We also found differential methylation of genes associated with ubiquitination of proteins targeted for degradation, including the SPSB4 and WSB1 gene products, which are associated with substrate recognition and the NEDD4L and SIAH1 genes encoding ubiquitin ligases. The deamidation of the NEDD8L protein by a B. pseudomallei type III effector protein (CHBP) has previously been demonstrated and this triggers apoptosis of host cells34. However, the modulation of host cell ubiquitination has also been associated with the suppression of host immunity35 and the downregulation of the NF-kappaB/type I interferon signalling pathways has been attributed to the ubiquitination of signalling molecules29. Our findings provide additional insight into the mechanisms that contribute to modulation of the ubiquitination pathway.
The most significantly enriched GO terms in the set of iDMPs were cell adhesion related (FDR corrected P < 0.05). B. pseudomallei is known to promote the polymerisation of host actin at one pole of the bacterium in an ARP2/3- dependent manner36. This enables motility of the bacteria and is essential for the uptake of bacteria into cells and the spread of bacteria within and between cells. Several iDMPs map to genes involved in actin binding or polymerisation. These include CDC42BPA, a component of the BLOC-1 complex, which can interact with WASH - a regulator of ARP2/337 and ACTR3, a major component of the ARP2/3 complex38. We also found differential methylation of one of the central regulators of actin polymerisation, the PAK1 p21-activated kinase39.
Our findings also suggest that there are some common targets for methylation in cells infected with pathogens. Most of the methylation changes in cells infected with M. tuberculosis or B. pseudomallei are losses rather than gains in methylation. A broadly similar trend has also been reported by Marr et al.15 who reported a larger proportion of hypo-methylated CpG sites in L. donovani infected macrophages. Overall it seems that there is a general trend toward demethylation of host cell DNA during infection. Our comparison of M. tuberculosis or B. pseudomallei induced changes in methylation patterns revealed that although a number of common genes were differentially methylated, there were no conserved iDMPs. However, since these studies used different cell types we cannot discount the possibility that there would be conserved iDMPs if the experimental conditions were identical.
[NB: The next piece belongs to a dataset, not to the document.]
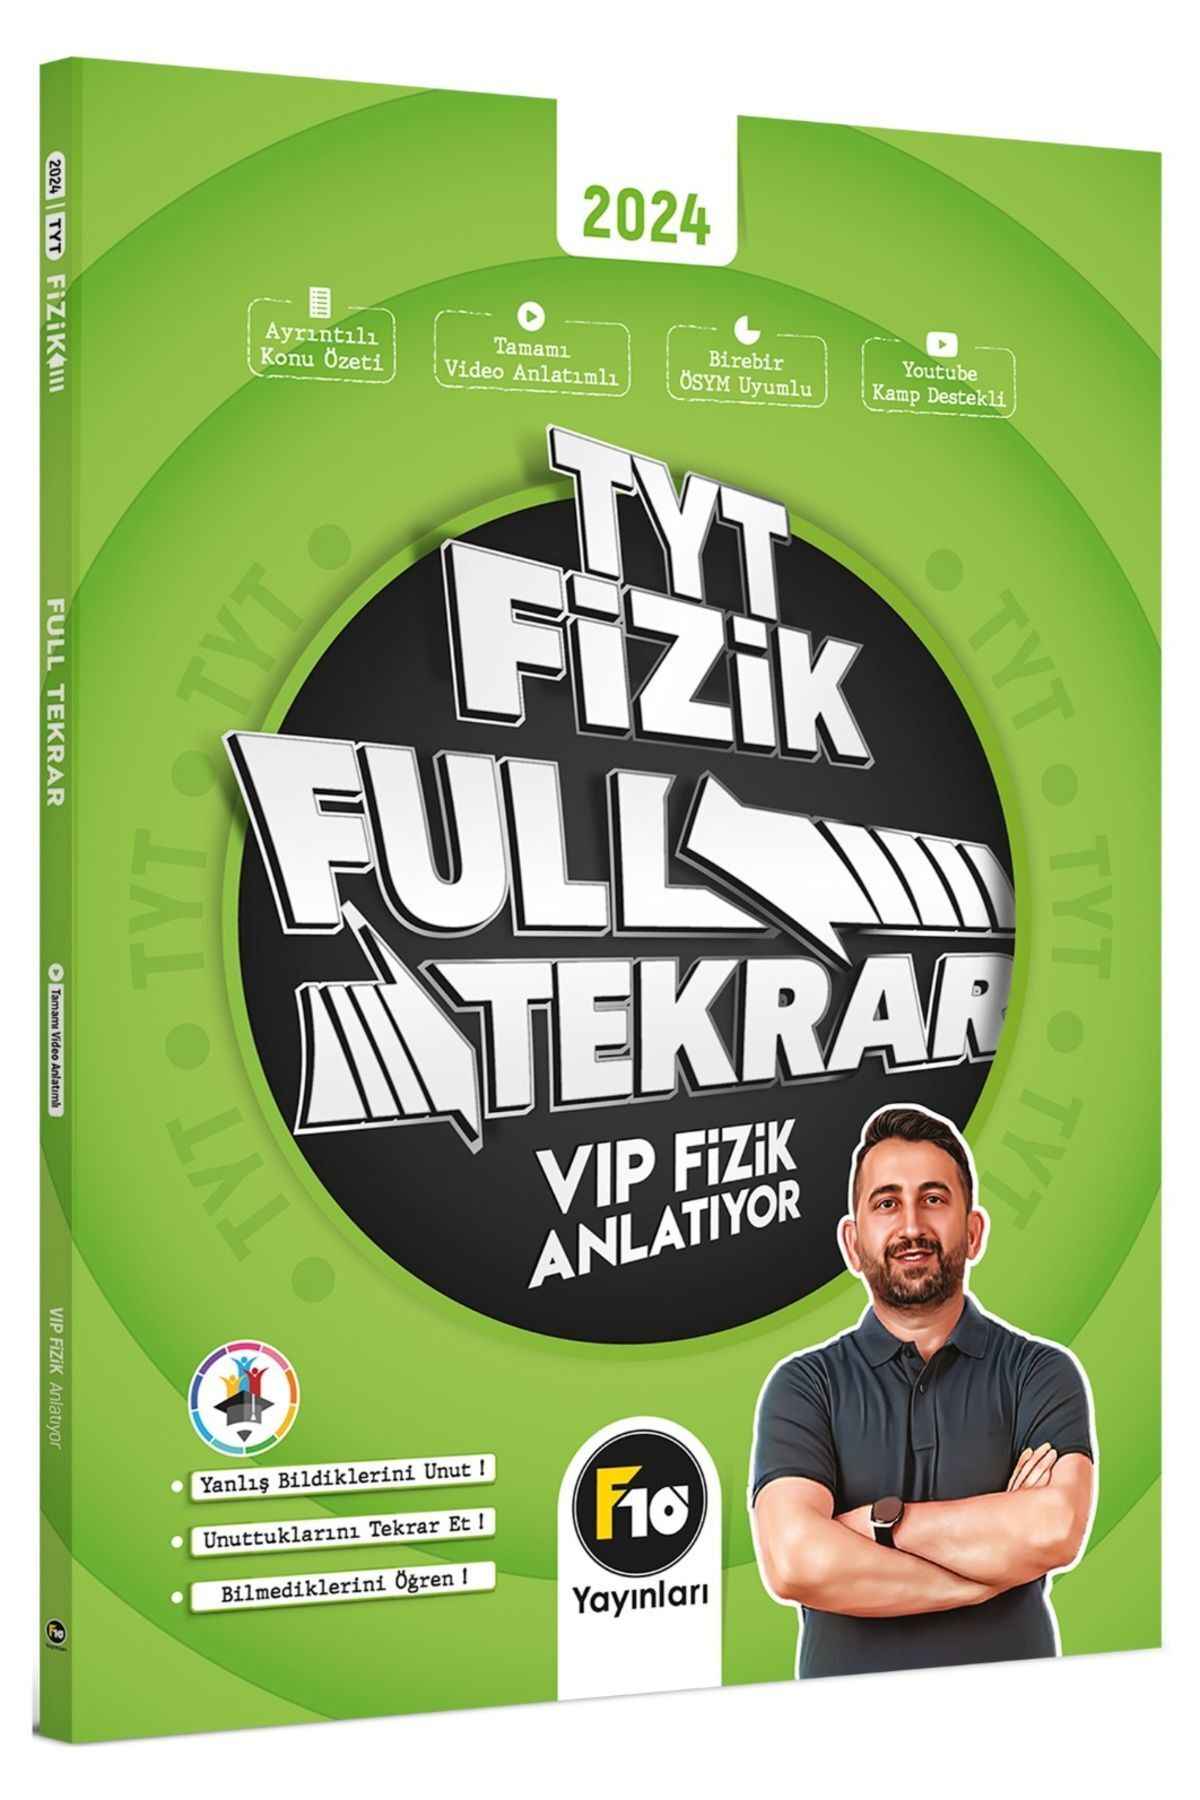 F10 Yayınları Tyt Vip Fizik Full Tekrar Video Ders Kitabı

We also found that the conserved iDMPs were significantly enriched in the first exon of genes, DNA methylation in this genomic compartment has been associated with transcriptional suppression40,41, suggesting that a large proportion of the infection associated DNA methylation changes observed could be altering gene transcription.
In summary, our work provides new insights into the extent to which infection with a bacterial pathogen results in differential methylation of host cell DNA. Our findings indicate that methylation of host DNA occurs on a much greater scale than previously suggested. None of the effector B. pseudomallei molecules identified to date have been shown to methylate host DNA. Whether differential methylation is a consequence of the direct interaction of bacterial methyltransferases with host cell DNA, or the consequence of modification of host cell methyltransferase activity awaits investigation.
Cell line and infection model
The human leukemic monocyte lymphoma cell line (U937, ATCC CRL-1593.2) was maintained in RPMI 1640 supplemented with 10% foetal bovine serum (FBS) at 37 °C. U937 cells were differentiated to macrophage-like cells following exposure to 20 ng/ml (final concentration) of phorbol 12-myristate 13-acetate (PMA) for 48 hours at 37 °C and differentiation evidenced by increased adherence to tissue culture flasks. A total of eight flasks (four for infected cells and four for uninfected controls) were prepared.
Overnight cultures of B. pseudomallei K96243 were diluted in L-15 medium and added to differentiated U937 cells at a multiplicity of infection (MOI) of 10. Where indicated B. pseudomallei K96243 expressing red fluorescent protein (RFP) was used42. Uninfected controls in the remaining four flasks were overlaid with L15 medium only. The cells were then incubated at 37 °C for 2h to allow infection. The cells were washed 3 times with phosphate buffered saline (PBS) and incubated with fresh L15 medium containing 1 mg/ml kanamycin for 2 hr to kill extracellular bacteria. After 2 hrs the macrophage cells were held in fresh media containing 250 μg/ml kanamycin to supress the growth of extracellular bacteria. At appropriate time points the cells were washed 3 times in warm PBS and lysed with 0.1% (vol/vol) Triton X-100. DNA was isolated using an AllPrep kit (Qiagen) and stored at −80 °C until required. DNA yield was measured using a Nanodrop instrument with measurements between 22.8–50.6 ng/ul.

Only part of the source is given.